This field belongs to the frozen sample shape, not to an upstream claim that Langfuse guarantees one universal serialized dataset-version contract for external consumers.

item_ref

This field is required and must stay an opaque dataset-item reference only.

Allowed:

  • item id
  • short item label
  • short opaque reference

Not allowed in v1:

  • full dataset input body as the primary seam
  • full expected-output body as the primary seam
  • large source-trace payloads

output_ref

This field is required in the frozen sample shape.

It should be framed as a short frozen representation derived from the experiment item output, not necessarily the full upstream output body.

It should also be described explicitly as a sample-level reduction of the documented experiment item output surface, not as an upstream-guaranteed serialized export field.
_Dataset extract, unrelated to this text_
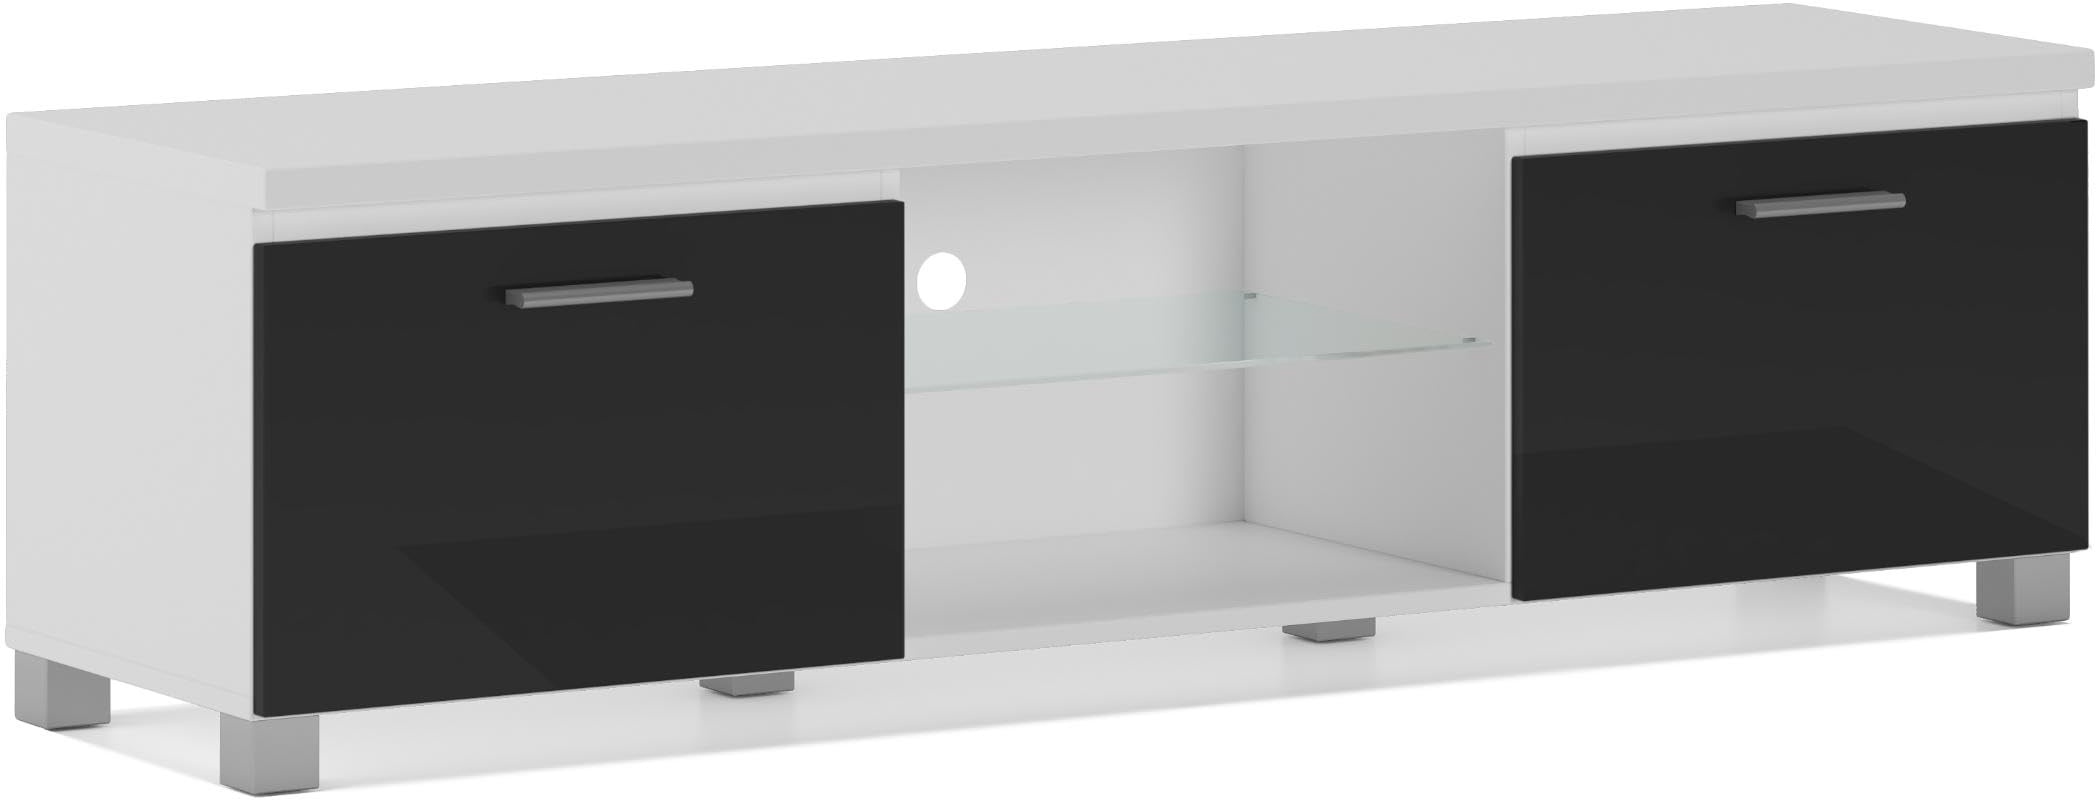 Skraut Home - Modularer TV-Schrank für Wohnzimmer - 42 x 150 x 40 cm - Integriertes LED-Beleuchtungssystem - Geeignet für 32/40/50/55/60/65" Fernseher - Tür mit Griff - Glasregal

It remains upstream output semantics only.

It must not become:

  • model-quality truth
  • prompt-quality truth
  • business-outcome truth

The sample should prefer:

  • short string output
  • short bounded object
  • short opaque output label

Not:

  • full prompt transcript
  • full chain-of-thought style payload
  • large generated body

evaluations

This field is required in the frozen sample shape.
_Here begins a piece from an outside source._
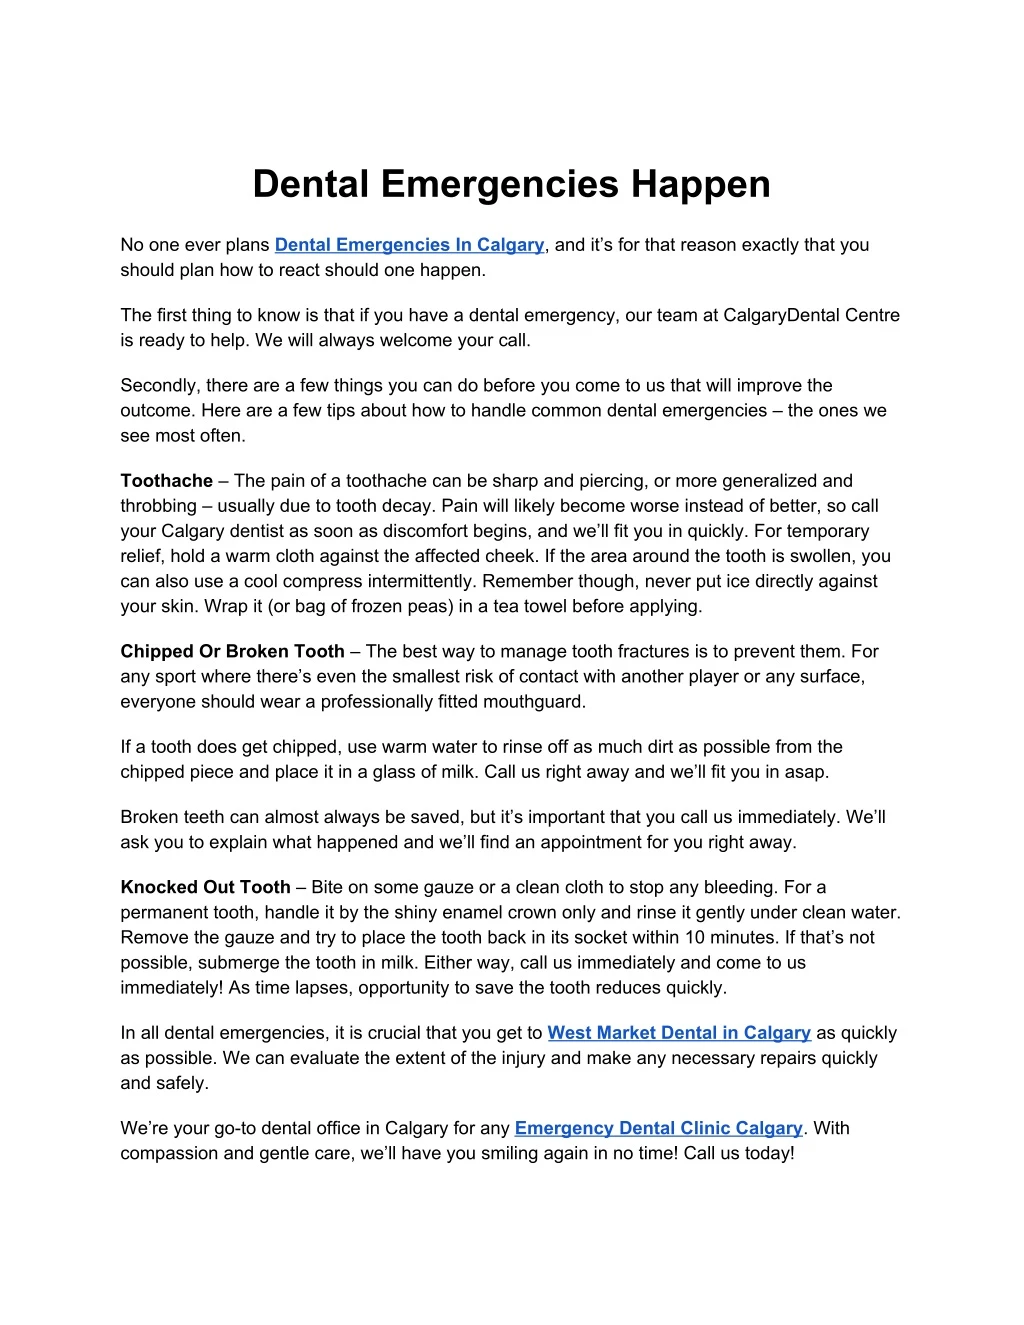 dental emergencies happen

It should be framed as a bounded list derived from documented Evaluation results, not as a claim that Langfuse already guarantees one universal serialized eval-result wire contract.

Each evaluation entry should stay very small:

  • name
  • value
  • optional short data_type
  • optional short classifier or label only if the chosen sample shape naturally carries one

Not allowed in v1:

  • evaluator prompts
  • evaluator reasoning transcripts
  • large free-text judge explanations
  • raw dashboard rollups

This field is where Langfuse’s eval-result seam is real, but it must still stay a bounded sample reduction rather than a platform export claim.

trace_ref

This field is optional in v1.

The sample should prefer omitting it unless it is naturally present in the chosen experiment-result shape.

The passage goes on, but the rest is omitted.